BMW i8 Roadster First Look Review: The Sky Is The Limit
BMW increases the headroom on the most convincing hybrid sports car around
When you look at an i8 drive past it is hard to believe that four years have gone by since it was first revealed. Those futuristic slashes and swoops have aged extremely well and BMW has been quite happy to carry out only the smallest of updates along the way. At the 2017 LA Auto Show we finally got to see a more comprehensive update as well as the reveal of the i8 Roadster. An i8 Spyder Concept had been shown before, way back in 2012 actually, but it was the coupe that ended up going into production first.

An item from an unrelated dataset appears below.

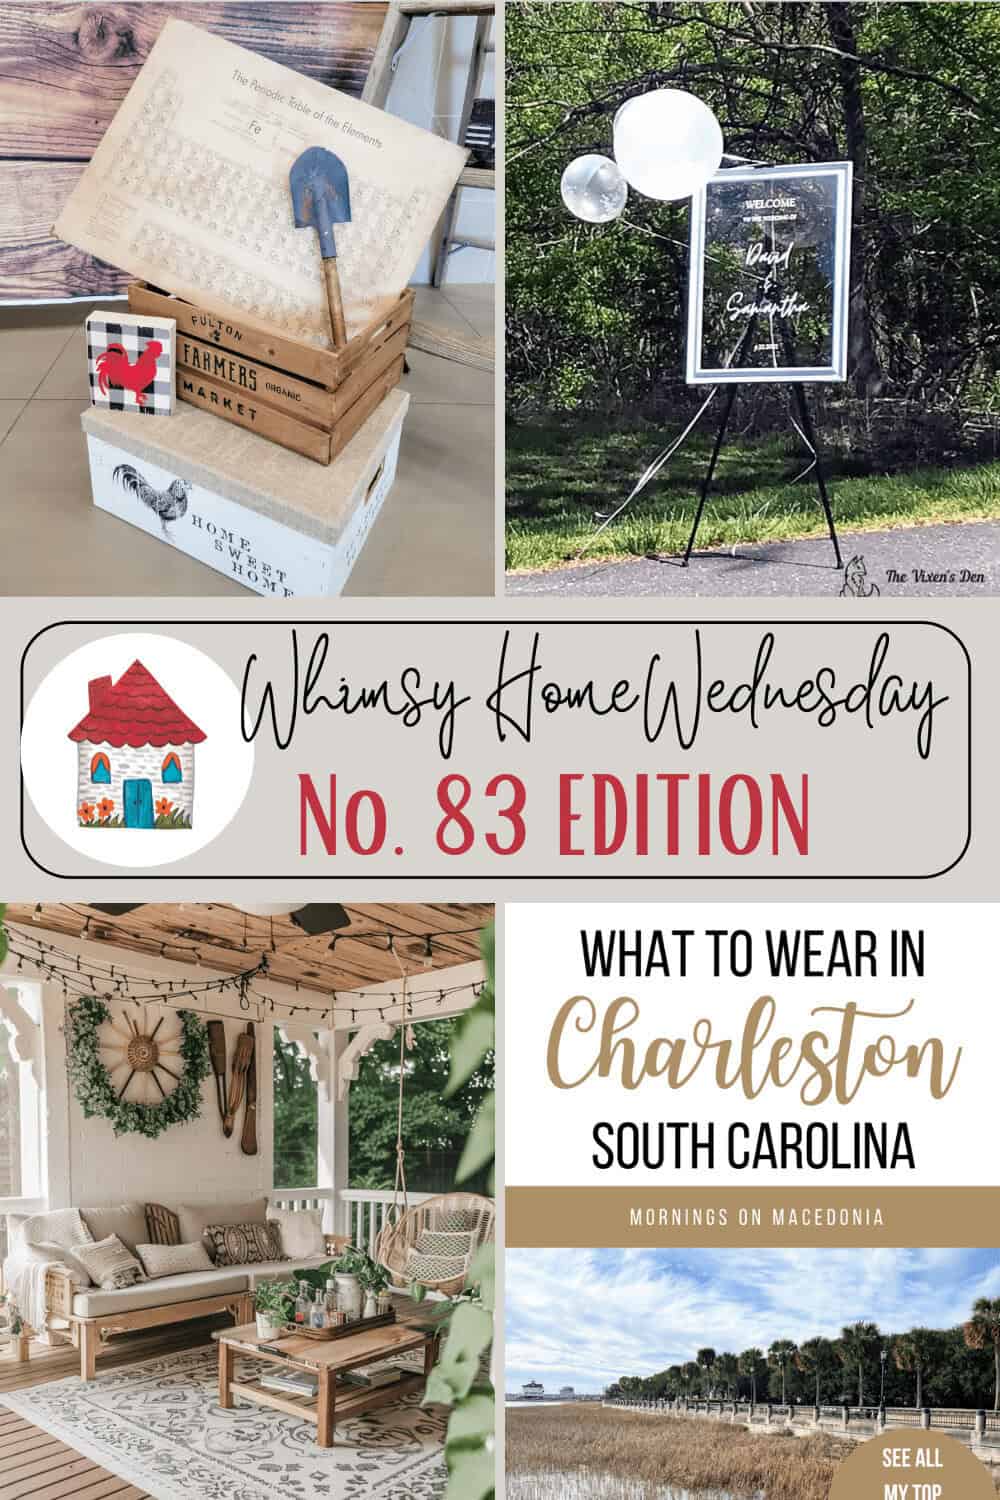 Collage image featuring DIY garden decor, an outdoor event display, a porch setup with hanging plants and a woven chair, and a beach scene promoting what to wear in Charleston, South Carolina.

That Spyder concept design and the final product are not very far removed stylistically speaking, which is a good thing. The Roadster treatment suits the i8 well and the fabric roof section does not detract from its lines. Under the hood the Roadster will be receiving the incrementally enhanced electric motor that is now also fitted to the facelifted i8 Coupe. The 231-hp power output provided by the 1.5-liter turbocharged 3-cylinder gas engine remains as before but the electric motor produces a beefier 143 hp, up from 129 hp, and the battery capacity has grown from 7.1 kWh to 11.6. This is claimed to add a further 3 miles to the all-electric range taking it up to 18 miles.
Weighing in at just over 132-lb more than the Coupe, the Roadster posts marginally slower acceleration times and slightly worse economy figures but both remain impressive. Unlike certain modern turbocharged M-cars that have lost their aural appeal, the i8 offers a rather pleasing off-beat three-cylinder growl from its small turbocharged gasoline motor. The combined electric/gasoline power output is now 374 hp, not quite supercar high but enough to get the 0-60 mph benchmark done in a claimed 4.4-seconds, (4.2 for the Coupe). Fuel economy is a claimed 60 mpge for both models. However results will vary depending on how much of that all-electric range can be taken advantage of on commutes.
The complex drivetrain puts the power down to all four wheels (the electric motor powers the fronts and gas engine the rear wheels) through a 6-speed automatic transmission which is linked to the gasoline motor and a 2-speed automatic that transfers power from the electric motor. Complex yet seamless. Numerous detail changes such as lighter 20-inch alloy wheels and unique to the Roadster suspension and damper settings further add to the agility of this hybrid sportster. The battery pack can be fully recharged in approximately 3 hours and comes with an 8-year/100,000-mile warranty.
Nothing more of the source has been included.